## Directions for this task
Only the lines from the top of the material through the line containing "Shop Red and Black Two-Tone Dress" should be restated, each one exactly.

## Provided records
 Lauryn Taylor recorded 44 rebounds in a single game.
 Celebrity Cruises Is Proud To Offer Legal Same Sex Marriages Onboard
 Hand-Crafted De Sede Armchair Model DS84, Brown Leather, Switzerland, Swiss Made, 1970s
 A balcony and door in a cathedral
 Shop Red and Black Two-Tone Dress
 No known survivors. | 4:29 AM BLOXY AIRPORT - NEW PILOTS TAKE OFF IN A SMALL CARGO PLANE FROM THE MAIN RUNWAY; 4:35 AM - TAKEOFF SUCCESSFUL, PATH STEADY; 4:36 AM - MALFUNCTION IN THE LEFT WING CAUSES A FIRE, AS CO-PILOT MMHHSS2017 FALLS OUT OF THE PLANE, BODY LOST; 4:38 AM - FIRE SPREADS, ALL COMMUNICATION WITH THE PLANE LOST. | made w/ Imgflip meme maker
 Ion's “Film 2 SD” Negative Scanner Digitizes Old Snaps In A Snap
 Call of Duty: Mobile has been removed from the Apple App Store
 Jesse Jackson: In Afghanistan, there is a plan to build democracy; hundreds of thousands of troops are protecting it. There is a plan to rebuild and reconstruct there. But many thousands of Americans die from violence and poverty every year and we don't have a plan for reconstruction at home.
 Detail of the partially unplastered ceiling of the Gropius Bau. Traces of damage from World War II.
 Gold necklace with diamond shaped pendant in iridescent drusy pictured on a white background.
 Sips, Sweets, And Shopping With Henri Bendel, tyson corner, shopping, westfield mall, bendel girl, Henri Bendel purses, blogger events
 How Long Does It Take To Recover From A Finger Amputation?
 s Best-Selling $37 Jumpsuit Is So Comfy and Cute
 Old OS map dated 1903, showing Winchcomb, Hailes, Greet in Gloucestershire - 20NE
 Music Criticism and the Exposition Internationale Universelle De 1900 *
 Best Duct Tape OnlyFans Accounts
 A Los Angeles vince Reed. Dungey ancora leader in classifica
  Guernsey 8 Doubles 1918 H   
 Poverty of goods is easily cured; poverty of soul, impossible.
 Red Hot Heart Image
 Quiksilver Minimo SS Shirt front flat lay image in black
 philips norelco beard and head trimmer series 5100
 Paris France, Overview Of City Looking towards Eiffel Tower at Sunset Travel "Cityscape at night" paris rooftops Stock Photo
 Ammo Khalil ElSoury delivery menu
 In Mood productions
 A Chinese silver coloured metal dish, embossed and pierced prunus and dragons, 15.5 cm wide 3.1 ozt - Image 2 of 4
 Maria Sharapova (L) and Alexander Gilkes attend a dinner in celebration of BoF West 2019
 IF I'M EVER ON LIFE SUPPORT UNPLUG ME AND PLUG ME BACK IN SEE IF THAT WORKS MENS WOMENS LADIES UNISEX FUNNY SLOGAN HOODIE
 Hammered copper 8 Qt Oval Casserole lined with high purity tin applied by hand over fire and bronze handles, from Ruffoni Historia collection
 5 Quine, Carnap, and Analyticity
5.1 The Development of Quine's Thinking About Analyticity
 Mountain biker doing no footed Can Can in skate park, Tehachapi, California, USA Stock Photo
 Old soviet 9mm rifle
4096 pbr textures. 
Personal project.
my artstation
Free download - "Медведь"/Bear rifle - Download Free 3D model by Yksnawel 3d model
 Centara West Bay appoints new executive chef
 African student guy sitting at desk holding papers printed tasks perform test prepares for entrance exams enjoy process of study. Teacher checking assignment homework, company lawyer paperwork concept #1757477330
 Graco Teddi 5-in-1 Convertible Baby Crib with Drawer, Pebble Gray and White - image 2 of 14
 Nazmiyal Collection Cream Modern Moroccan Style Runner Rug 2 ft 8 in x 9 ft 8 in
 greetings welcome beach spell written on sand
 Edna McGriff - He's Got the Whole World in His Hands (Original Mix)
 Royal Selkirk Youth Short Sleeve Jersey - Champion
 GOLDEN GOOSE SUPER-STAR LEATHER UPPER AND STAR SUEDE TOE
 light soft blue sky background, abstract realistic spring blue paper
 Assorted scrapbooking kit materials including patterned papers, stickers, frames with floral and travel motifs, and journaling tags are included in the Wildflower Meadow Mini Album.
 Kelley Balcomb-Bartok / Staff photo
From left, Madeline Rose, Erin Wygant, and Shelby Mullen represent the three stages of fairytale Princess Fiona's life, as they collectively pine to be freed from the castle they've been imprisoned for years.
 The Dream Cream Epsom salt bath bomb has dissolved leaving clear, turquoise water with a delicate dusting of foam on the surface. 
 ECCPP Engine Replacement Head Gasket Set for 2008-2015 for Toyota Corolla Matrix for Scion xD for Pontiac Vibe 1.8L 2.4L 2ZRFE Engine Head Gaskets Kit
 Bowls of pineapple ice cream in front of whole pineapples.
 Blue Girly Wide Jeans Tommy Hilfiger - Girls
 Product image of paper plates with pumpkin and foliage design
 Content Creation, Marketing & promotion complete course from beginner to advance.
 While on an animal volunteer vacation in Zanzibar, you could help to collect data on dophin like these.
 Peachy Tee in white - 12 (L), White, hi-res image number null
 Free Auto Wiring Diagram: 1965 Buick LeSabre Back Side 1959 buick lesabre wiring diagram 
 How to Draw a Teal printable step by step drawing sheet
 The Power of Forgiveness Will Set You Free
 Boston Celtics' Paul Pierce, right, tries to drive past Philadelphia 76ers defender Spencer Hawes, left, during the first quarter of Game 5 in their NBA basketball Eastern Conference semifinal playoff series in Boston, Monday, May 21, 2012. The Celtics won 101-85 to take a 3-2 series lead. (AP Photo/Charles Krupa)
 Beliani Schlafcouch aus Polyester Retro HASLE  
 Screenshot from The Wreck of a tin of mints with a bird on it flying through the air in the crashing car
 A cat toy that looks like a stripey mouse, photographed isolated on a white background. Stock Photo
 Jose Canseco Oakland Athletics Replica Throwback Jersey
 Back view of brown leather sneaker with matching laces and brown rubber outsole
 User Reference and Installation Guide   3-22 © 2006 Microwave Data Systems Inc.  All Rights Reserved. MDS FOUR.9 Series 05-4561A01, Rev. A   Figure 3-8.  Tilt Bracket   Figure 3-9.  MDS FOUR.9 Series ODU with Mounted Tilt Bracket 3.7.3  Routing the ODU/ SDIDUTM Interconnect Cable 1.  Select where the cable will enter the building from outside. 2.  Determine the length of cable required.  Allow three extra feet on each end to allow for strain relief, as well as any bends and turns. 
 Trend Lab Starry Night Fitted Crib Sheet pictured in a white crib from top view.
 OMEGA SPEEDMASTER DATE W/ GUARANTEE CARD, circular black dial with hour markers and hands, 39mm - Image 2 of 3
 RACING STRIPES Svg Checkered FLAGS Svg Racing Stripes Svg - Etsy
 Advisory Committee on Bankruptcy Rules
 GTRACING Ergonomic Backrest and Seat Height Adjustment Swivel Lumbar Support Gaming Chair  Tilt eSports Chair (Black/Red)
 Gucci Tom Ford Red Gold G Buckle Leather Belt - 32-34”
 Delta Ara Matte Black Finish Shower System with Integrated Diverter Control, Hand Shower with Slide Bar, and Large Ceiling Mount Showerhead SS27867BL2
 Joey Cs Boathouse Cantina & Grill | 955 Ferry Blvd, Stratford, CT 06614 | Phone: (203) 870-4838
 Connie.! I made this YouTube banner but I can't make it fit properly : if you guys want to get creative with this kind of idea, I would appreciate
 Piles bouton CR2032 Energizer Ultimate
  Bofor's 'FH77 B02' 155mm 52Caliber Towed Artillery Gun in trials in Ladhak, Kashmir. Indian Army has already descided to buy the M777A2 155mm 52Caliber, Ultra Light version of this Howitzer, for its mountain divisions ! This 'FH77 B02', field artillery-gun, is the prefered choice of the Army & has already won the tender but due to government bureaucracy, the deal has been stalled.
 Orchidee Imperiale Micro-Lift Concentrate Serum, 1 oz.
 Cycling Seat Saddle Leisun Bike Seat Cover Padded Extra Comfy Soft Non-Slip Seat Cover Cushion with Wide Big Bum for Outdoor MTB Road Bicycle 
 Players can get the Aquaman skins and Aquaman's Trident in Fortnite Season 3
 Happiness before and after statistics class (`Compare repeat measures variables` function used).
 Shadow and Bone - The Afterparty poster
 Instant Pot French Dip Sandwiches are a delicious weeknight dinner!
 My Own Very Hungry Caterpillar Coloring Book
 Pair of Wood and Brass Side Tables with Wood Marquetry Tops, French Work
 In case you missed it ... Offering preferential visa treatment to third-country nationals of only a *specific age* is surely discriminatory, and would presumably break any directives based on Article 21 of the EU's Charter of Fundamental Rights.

## Output of the exercise
 Lauryn Taylor recorded 44 rebounds in a single game.
 Celebrity Cruises Is Proud To Offer Legal Same Sex Marriages Onboard
 Hand-Crafted De Sede Armchair Model DS84, Brown Leather, Switzerland, Swiss Made, 1970s
 A balcony and door in a cathedral
 Shop Red and Black Two-Tone Dress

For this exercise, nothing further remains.